Tested Models

Benchmarks run with /model-test on AMD Ryzen 5 2400G (4 cores, 15GB RAM) via remote Ollama over Cloudflare Tunnel.

Test Suite (v1.3.3):

Reasoning — 20 puzzle tests (logic, math, spatial, commonsense, etc.)

Instructions — Multi-step JSON schema compliance

Tool Usage — Chained tool call generation

Ollama Models — openai-completions

Model	Reasoning	Instructions	Tool Usage	Score
`deepseek-r1:1.5b`	8/20	❌ FAIL	❌ ERROR	1/3
`functiongemma:270m`	4/20	❌ FAIL	✅ STRONG	1/3
`gemma3:270m`	6/20	❌ FAIL	❌ ERROR	0/3
`granite3.1-moe:1b`	8/20	❌ FAIL	❌ FAIL	1/3
`granite4:1b`	0/20	❌ FAIL	❌ ERROR	0/3
`granite4:350m`	7/20	❌ FAIL	✅ STRONG	2/3
`llama3.2:1b`	8/20	❌ FAIL	✅ STRONG	2/3
`qwen:0.5b`	4/20	❌ FAIL	❌ ERROR	0/3
`qwen2:0.5b`	5/20	❌ FAIL	❌ ERROR	0/3
`qwen2.5:0.5b`	10/20	❌ FAIL	✅ STRONG	2/3
`qwen3:0.6b`	6/20	❌ FAIL	✅ STRONG	1/3

Notes:

deepseek-r1:1.5b — instructions FAIL (bad control character in JSON), tool usage ERROR (model does not support tools).

functiongemma:270m — instructions FAIL (empty streaming response), tool usage STRONG (chained: get_weather, calculate).

gemma3:270m — instructions FAIL (markdown-wrapped JSON), tool usage ERROR (model does not support tools).

granite3.1-moe:1b — instructions FAIL, tool usage FAIL (malformed tool calls).

granite4:1b — OOM (requires 13.0 GiB, only 12.2 GiB available), all 0/20 reasoning ERROR.
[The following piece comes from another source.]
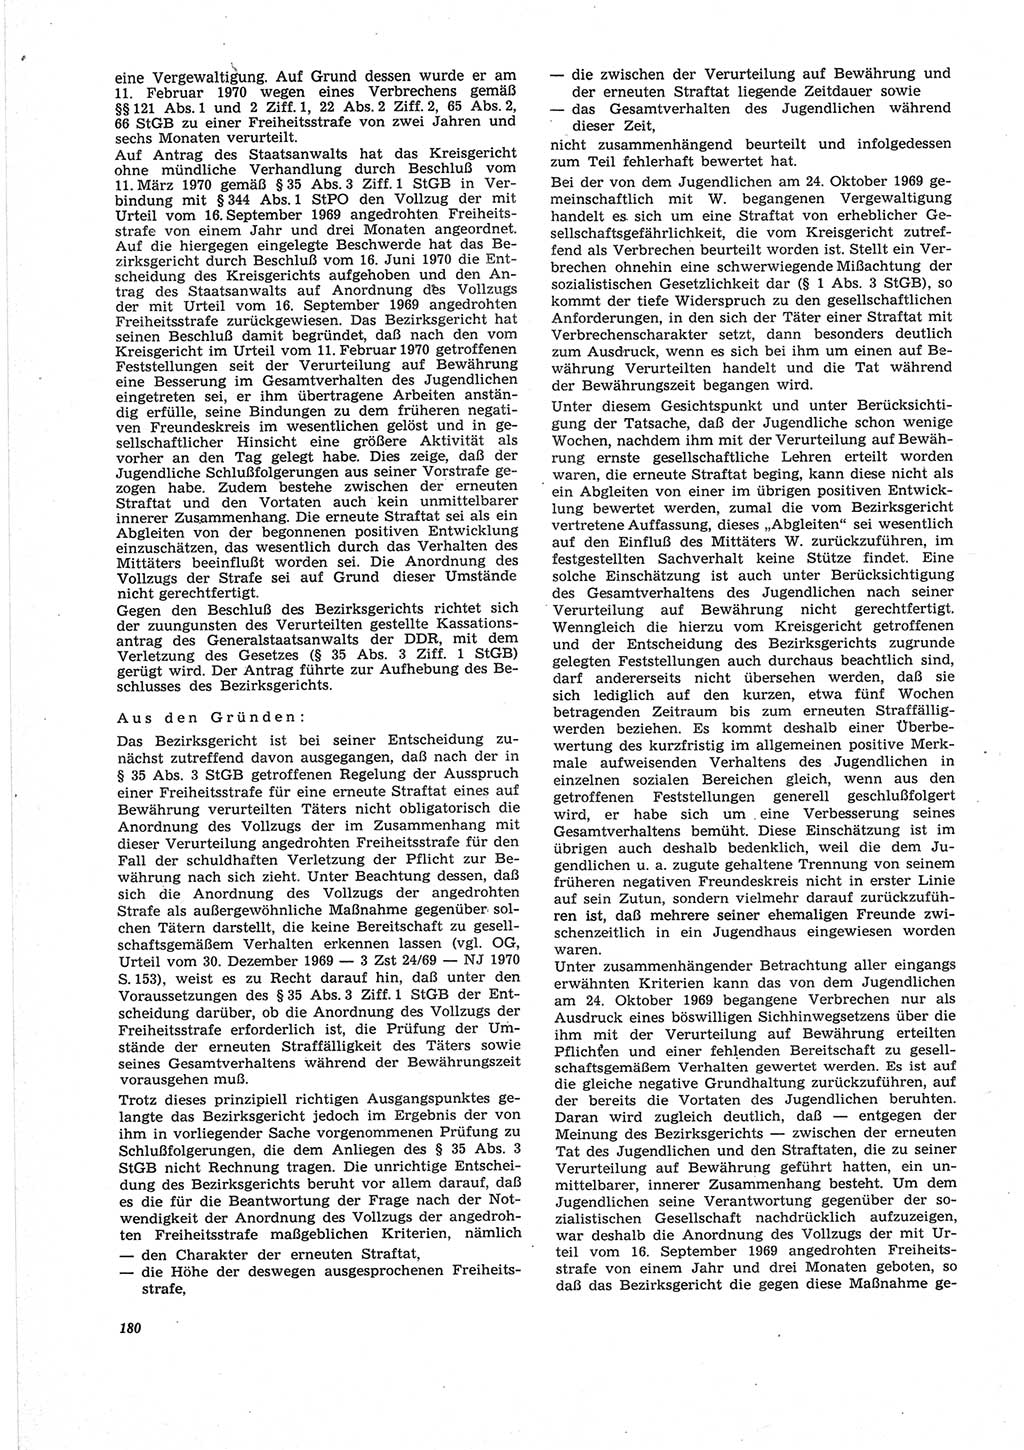 Neue Justiz (NJ), Zeitschrift für Recht und Rechtswissenschaft [Deutsche Demokratische Republik (DDR)], 25. Jahrgang 1971, Seite 180 (NJ DDR 1971, S. 180)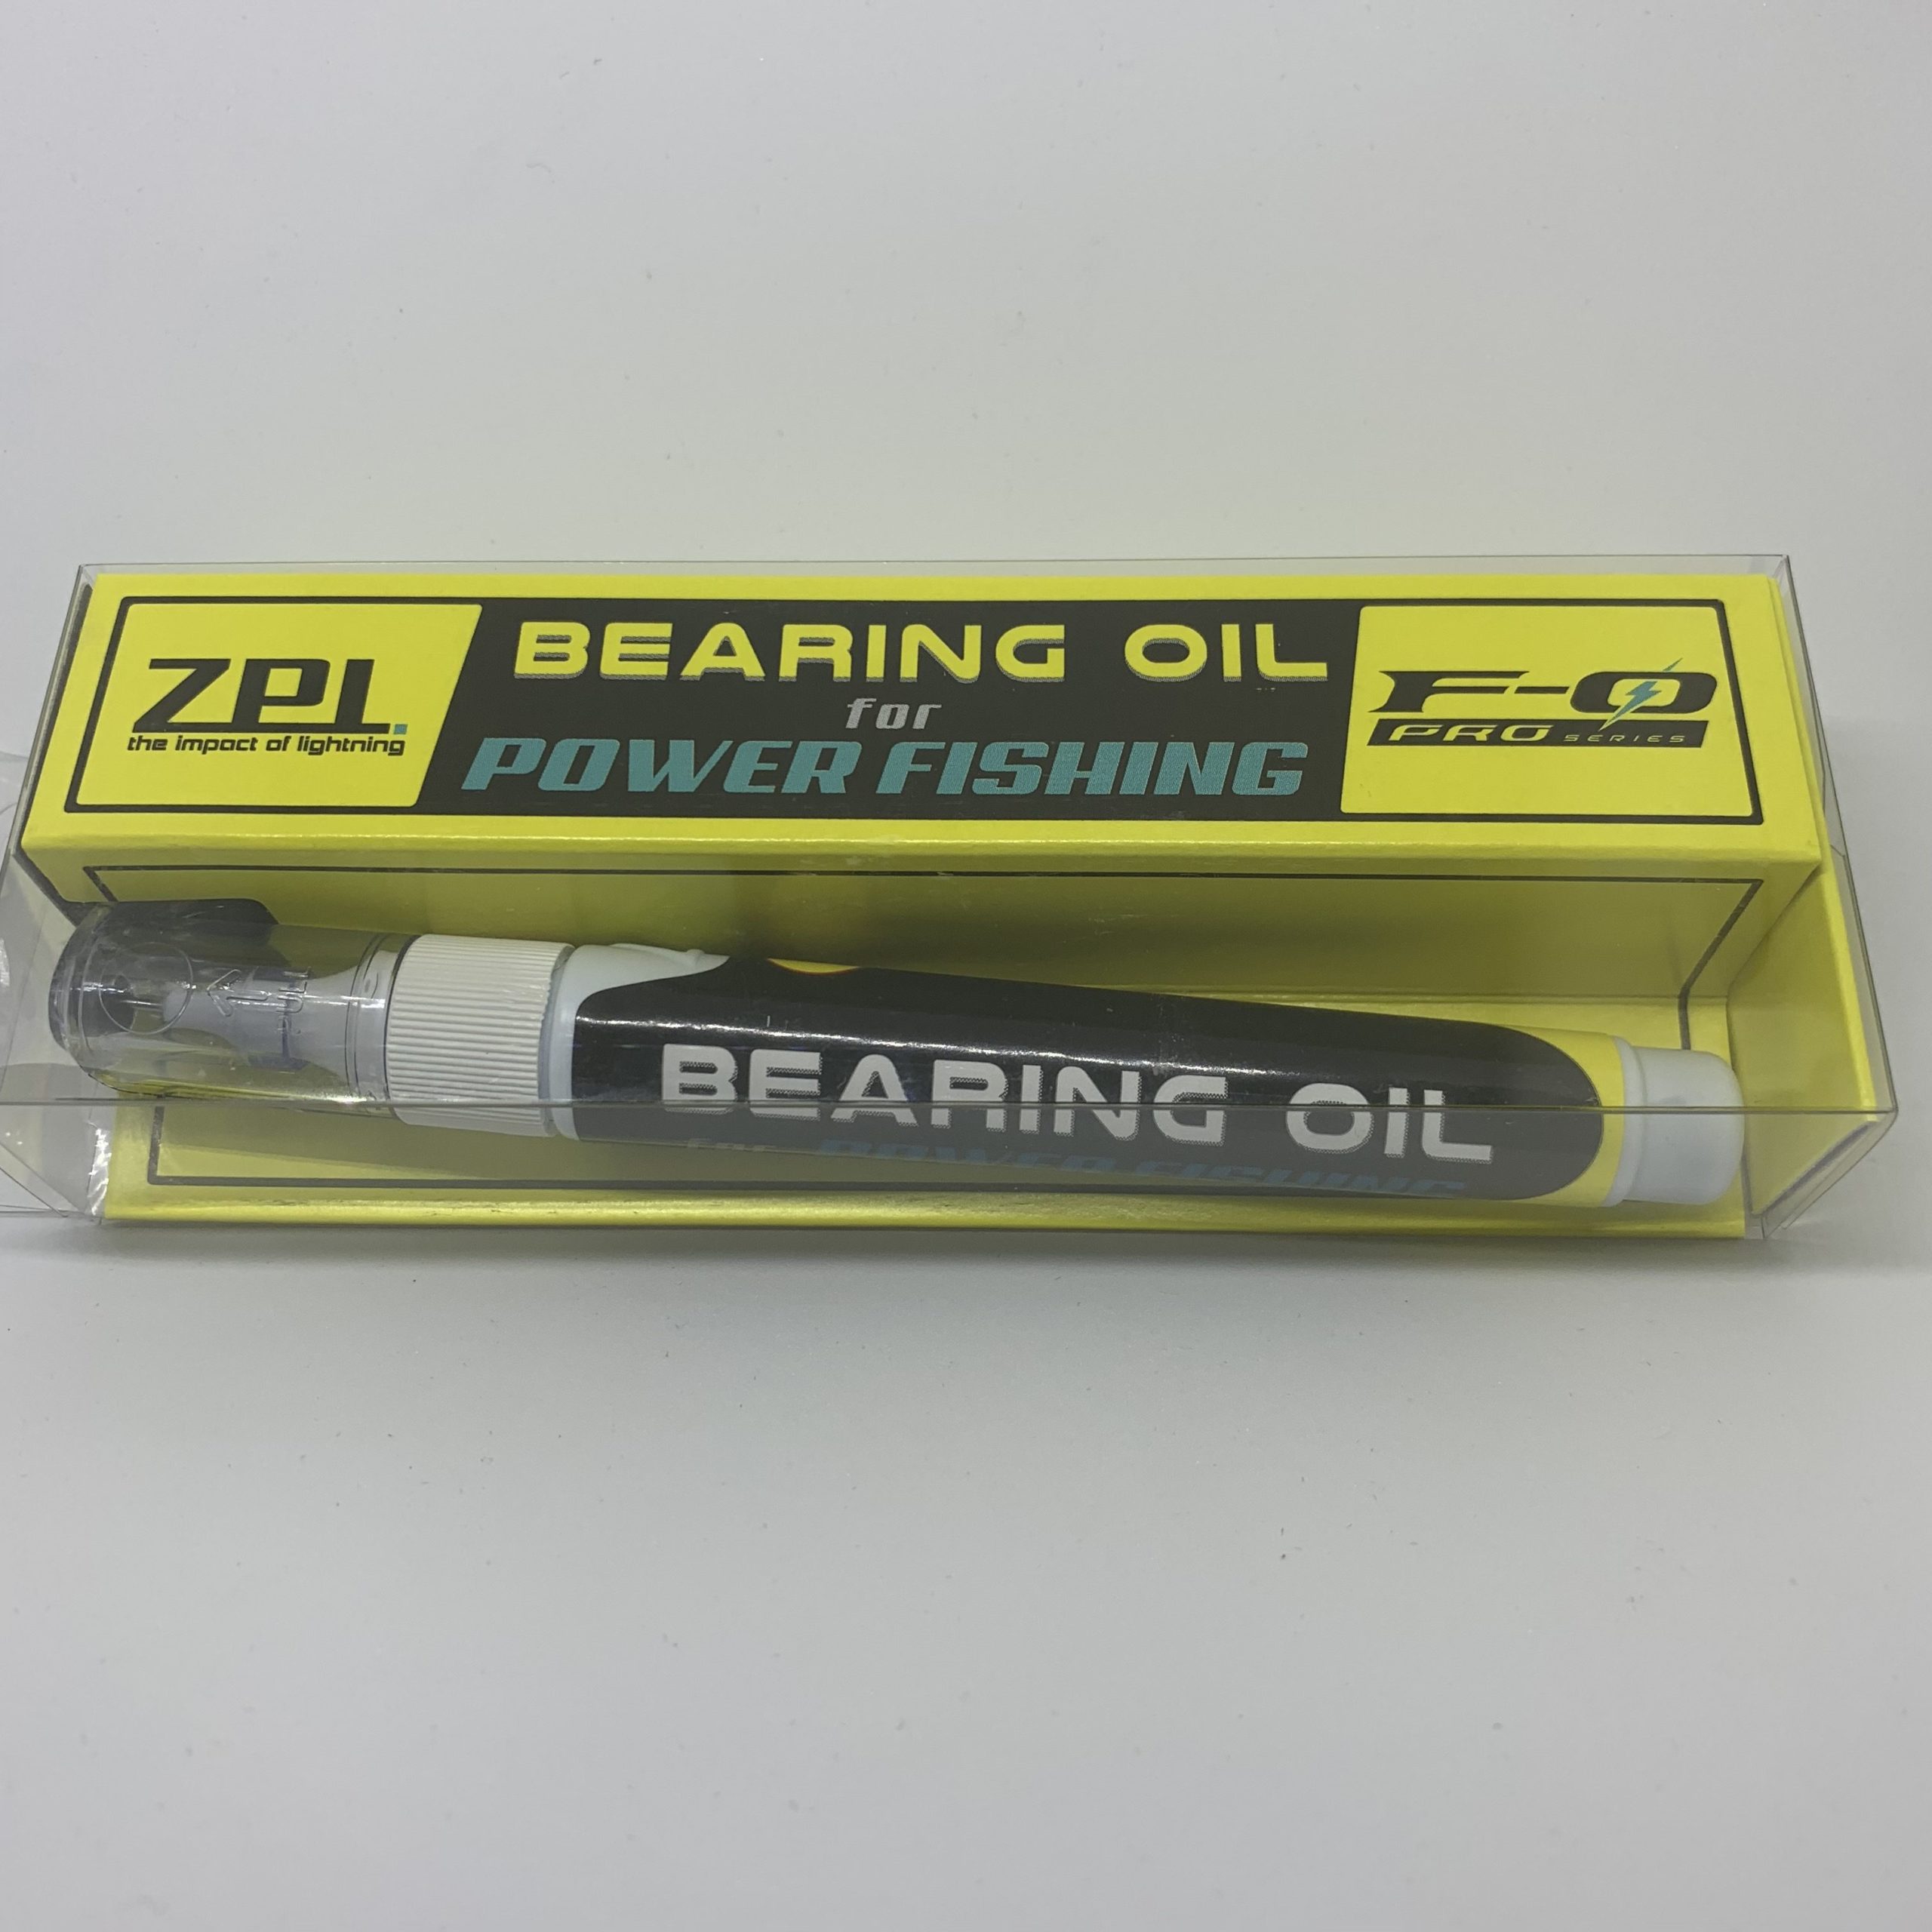  F-0 BEARING OIL for POWER FISHING ZPI

granite4:350m — instructions FAIL, tool usage STRONG.

llama3.2:1b — instructions FAIL, tool usage STRONG (chained: get_weather, calculate).

qwen:0.5b — instructions FAIL, tool usage ERROR (model does not support tools).

qwen2:0.5b — instructions FAIL (Python embedded in JSON output), tool usage ERROR (model does not support tools).

qwen2.5:0.5b — instructions FAIL, tool usage STRONG (chained: get_weather, calculate).

qwen3:0.6b — instructions FAIL, tool usage STRONG (chained: get_weather, calculate).

Cloud Providers — openai-completions

Model	Provider	Reasoning	Instructions	Tool Usage	Score
`glm-4.5-flash`	ZAI	11/20	❌ FAIL	✅ STRONG	2/3
`minimax/minimax-m2.5:free`	OpenRouter	9/20	✅ STRONG	✅ STRONG	2/3
`nvidia/nemotron-3-nano-30b-a3b:free`	OpenRouter	13/20	✅ STRONG	✅ STRONG	3/3
`openai/gpt-oss-120b:free`	OpenRouter	14/20	✅ STRONG	MODERATE	3/3
`poolside/laguna-m.1:free`	OpenRouter	13/20	✅ STRONG	MODERATE	3/3
`poolside/laguna-xs.2:free`	OpenRouter	17/20	✅ STRONG	MODERATE	3/3

Notes:

glm-4.5-flash — reasoning MODERATE (11/20), instructions FAIL (truncated JSON), tool usage STRONG (chained: get_weather, calculate).

minimax/minimax-m2.5:free — reasoning WEAK (9/20, many ERROR results), instructions STRONG, tool usage STRONG (chained: get_weather, calculate).

nvidia/nemotron-3-nano-30b-a3b:free — reasoning MODERATE (13/20), instructions STRONG, tool usage STRONG (chained: get_weather, calculate). MoE with 30B total / 3B active params.

openai/gpt-oss-120b:free — reasoning MODERATE (14/20), instructions STRONG, tool usage MODERATE (only called get_weather, missed calculate).

poolside/laguna-m.1:free — reasoning MODERATE (13/20), instructions STRONG, tool usage MODERATE (only called get_weather, missed calculate).

poolside/laguna-xs.2:free — reasoning STRONG (17/20), instructions STRONG, tool usage MODERATE.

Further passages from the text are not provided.